Takanashi aims to be first among equals at Winter Olympics

Japan's Sara Takanashi is favourite to make history as the first Olympic women's ski jumping champion and cap a long, bruising battle for equality in the sport.


Takanashi aims to be first among equals at Winter Olympics

Japan's Sara Takanashi jumps in the women's World Cup competition in Zao, Yamagata prefecture on January 18, 2014

Ski jumping is one of just six sports which have been included in the programme of all of the Olympics since the very first Winter Games took place at Chamonix, France in 1924. 

But before this year, ski jumping and the related nordic-combined remained the last men-only disciplines in the programme.

The International Olympic Committee's reluctance to open the door had some base in logic as its regulations stipulate that the event must be practiced in at least 35 countries and must have held at least two world championships before being considered for inclusion in the Olympics.

Meanwhile, no women's competitions in ski jumping were held in the world before 2006, when women began participating in the FIS Continental Cup. 

Later the pressure from the United States forced the international ski federation (FIS) bosses to include the women's jumping event into the programme of the 2009 world championships. 

The US ski-jumping star Lindsey Van won the maiden world title at the event, which took place at Liberec, Czech Republic. 

The IOC then yielded to pressure and in April 2011 women's ski jumping was included in the Sochi Games.

"It's great!

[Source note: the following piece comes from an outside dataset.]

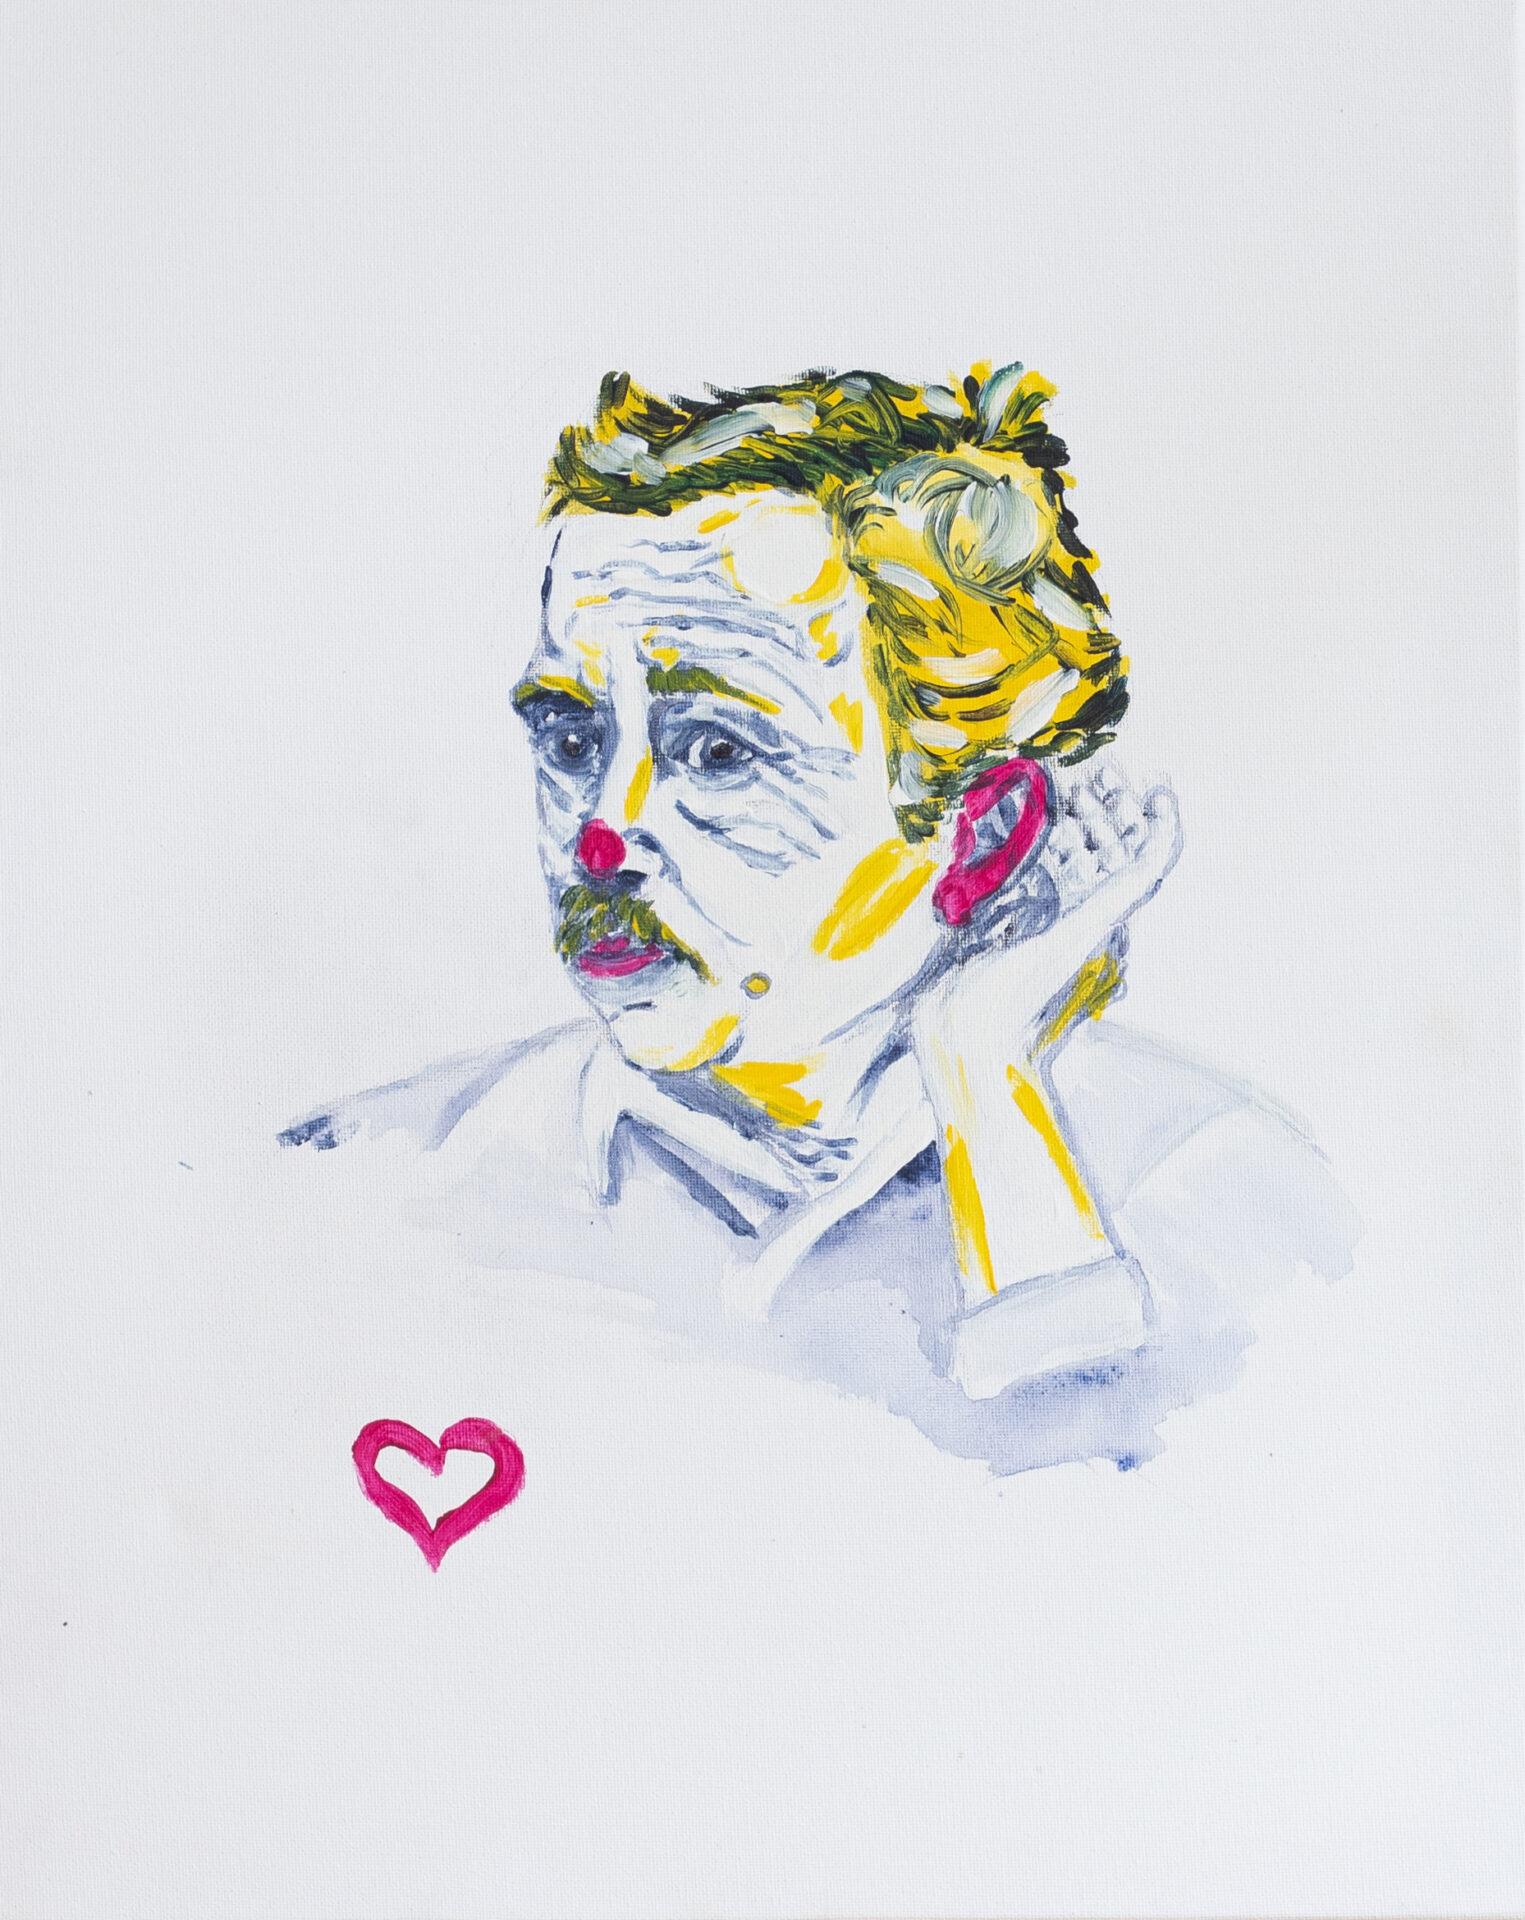 Vaclav Havel - Painting by Martina Bugárová

For 20 years you hear no, no, no and then one day it's yes," Van said.

At Sochi, where the venue for the ski jumping was constructed in the saddle between two mountain ridges that will protect the athletes from the sidewind rushes, the women will compete in K-95 discipline. 

Japanese teenage ski-jumping high school student Takanashi, who confidently leads this season's World Cup ahead of German Carina Vogt and third-placed Irina Avvakumova of Russia, looks clear favourite. 

The 17-year-old Takanashi stepped up her bid for Olympic gold last weekend, taking her record-stretching 17th World Cup win at her home ground at Zao, north of Tokyo. 

She has also eight wins in nine events this season.

On January 11 in Sapporo, she broke the previous mark of 13 wins set by world champion Sarah Hendrickson.

The 19-year-old American, the winner of the inaugural women's World Cup overall title in the 2011-2012 season, is recovering from a cruciate ligament injury after a fall in August. 

But she was back in training this month.

"I feel like I have nothing to worry about," said the 152-centimetre-tall Takanashi. "I want to work harder still and raise my level higher and higher."

"It was really great because I think I can now go to Sochi with a positive image in my mind."

Meanwhile, Austrian reigning World Cup holder Gregor Schlierenzauer is a red-hot favourite for the men's competitions, where golds are up for grabs in the K-95 and K-125 individual events and K-125 team championship. 

Schlierenzauer won three medals at the 2013 World Championships and led Austria to the gold medal in the team event at the Vancouver Olympics.

"It's now definitely the best motivation for me," the 24-year-old said. "Of course when you look at my career list then there is just an individual Olympic medal missing and that will be my goal at these Games."

The Swiss veteran and four-time Olympic champion Simon Ammann, 32, who looks strong again this season, is also among the Sochi Games favourites. 

Meanwhile, the hopes of the Austrian team of repeating their Olympic success by winning the team event suffered a serious blow when  three-time Olympic champion Thomas Morgenstern suffered a horrific crash-landing when he lost balance in mid-air at a recent World Cup event.